We are maintaining our Neutral recommendation on Royal Dutch Shell Plc. ( “>RDS.A )  with a target price of $67.

In terms of assets, Royal Dutch Shell owns a strong and diversified portfolio of global energy businesses that offers attractive long-term growth opportunities. The group’s strong inventory of development projects and increased capital expenditures should help volume growth in the long run. Hague-based Shell has operations all over the world and is involved in various activities related to oil and natural gas, chemicals, power generation, renewable energy resources, and other energy-related businesses.

The Anglo-Dutch behemoth expects its annual worldwide production to reach 3.7 MMBOE/d in 2014, up from 3.15 MMBOE/d in 2009. Shell’s targeted output increase – driven by a new wave of project start-ups – would reverse the declining trend of the last several years. The company is currently assessing more than 35 new projects that should guarantee upstream growth to at least 2020.

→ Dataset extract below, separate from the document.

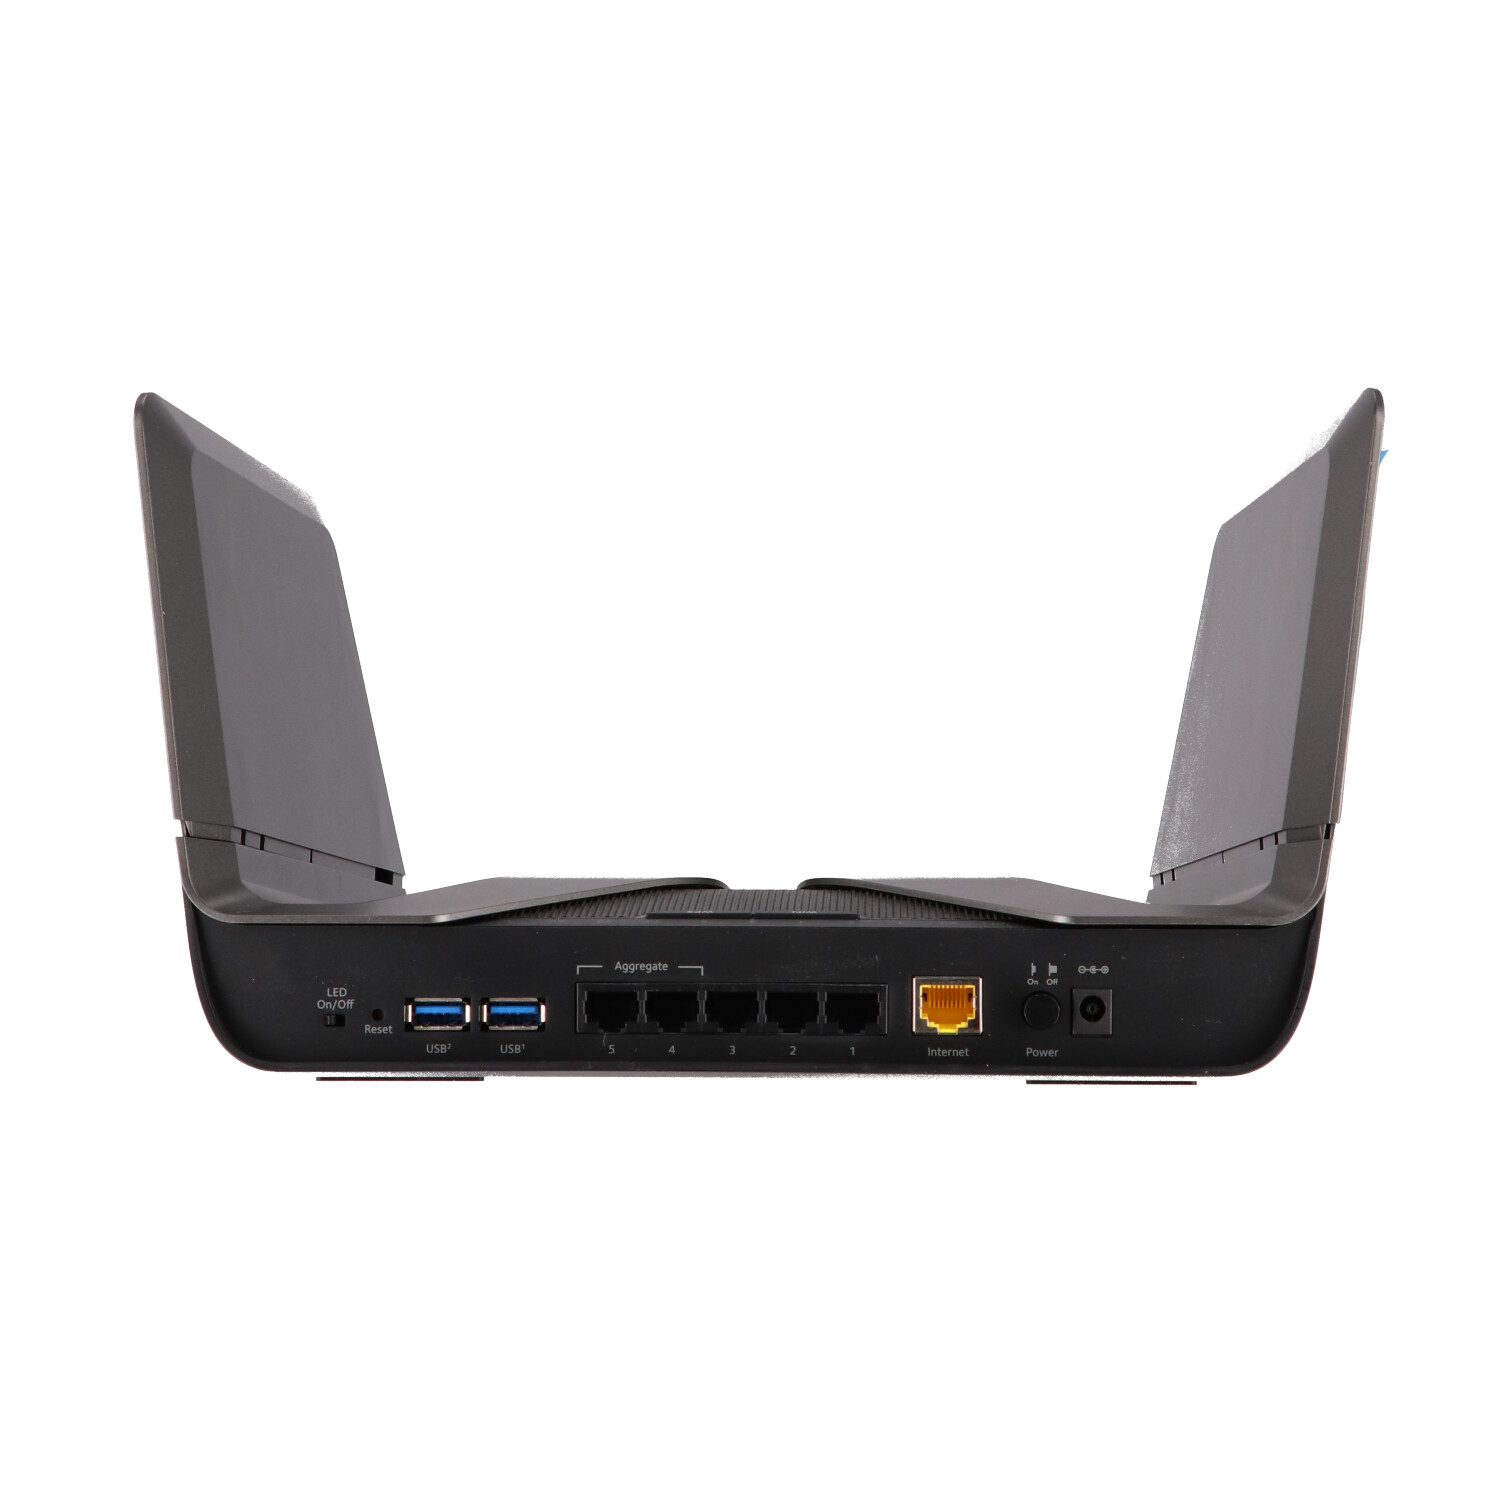 メーカー生産終了品 ネットギア NETGEAR WiFi ルーター 無線LAN 11ax (WiFi6) AX6000 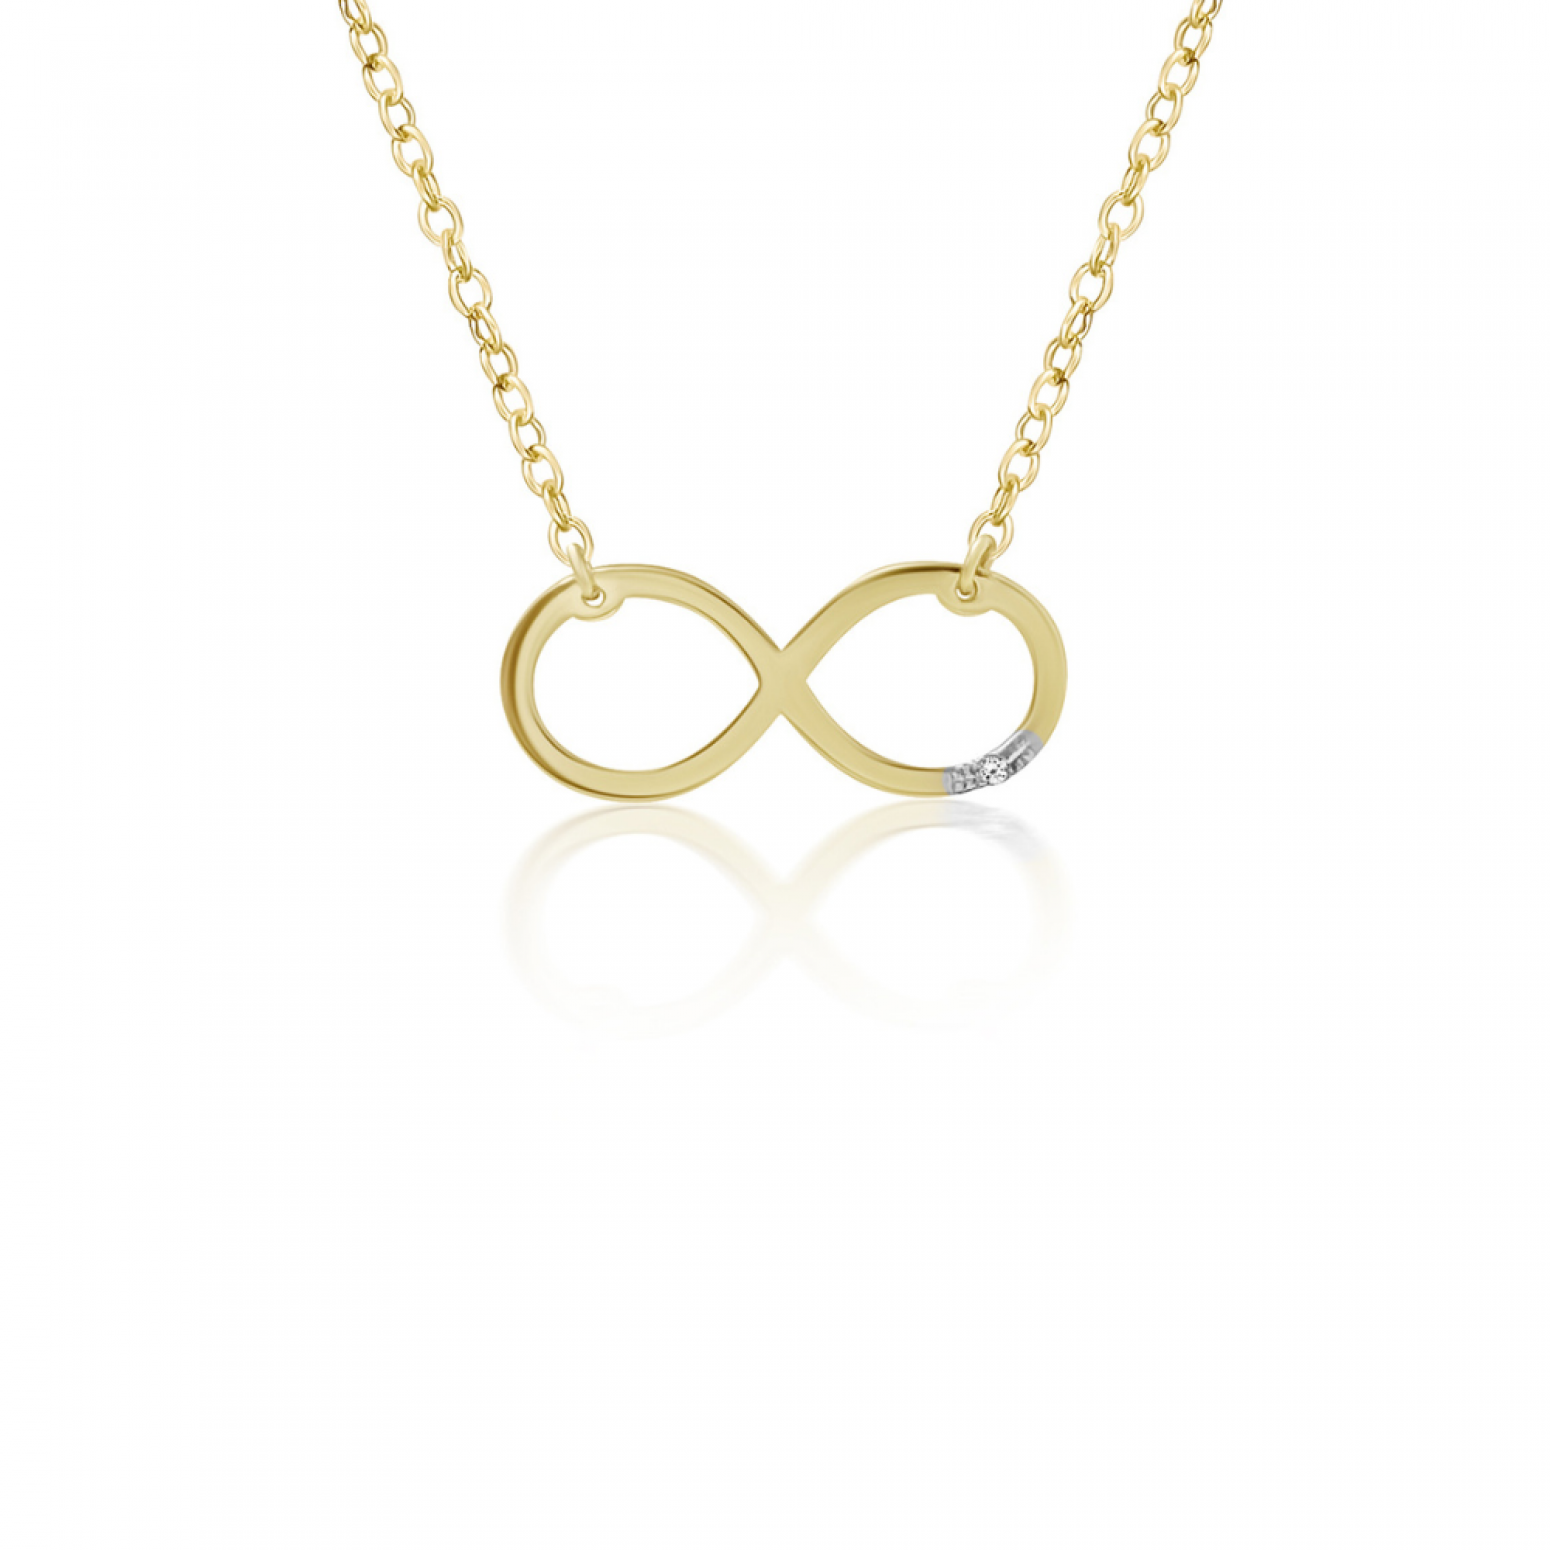 Infinity necklace, Κ14 gold with diamond 0.003ct, VS2, H ko5304 NECKLACES Κοσμηματα - chrilia.gr

In line with other supermajors like ExxonMobil Corp. ( “>XOM )  and Chevron Corp. (CVX), Shell sees natural gas playing an important part in its future. The company’s targeted volume growth will be achieved primarily by new natural gas projects coming onstream in Qatar, Australia and North America. Shell said that it expects natural gas to represent 52% of total volumes by 2012.

Recently, the group reported strong third-quarter 2010 results, buoyed by a robust operating environment, production growth and cost cutting initiatives. Earnings per ADR (on a current cost of supplies basis), excluding one-time items and gains or losses from inventories, came in at $1.61, significantly ahead of the year-ago result of 86 cents and also exceeded the Zacks Consensus Estimate of $1.34. Revenues were up 20.9% to $90.7 billion.

(Read our full coverage on this earnings report: Shell Continues to Outperform)

However, Royal Dutch Shell’s heavy downstream exposure leaves it relatively less diversified compared to its integrated peers. As such, the group’s results remain heavily exposed to refining/marketing margins. Shell’s downstream operations have struggled recently due to weak demand for fuel, leading to lower returns in this segment.

This will continue to weigh on the company’s revenue and profitability, at least in the near- to medium-term. As such, we expect Royal Dutch Shell’s growth potential to be restrained and see the ADRs performing in line with the market.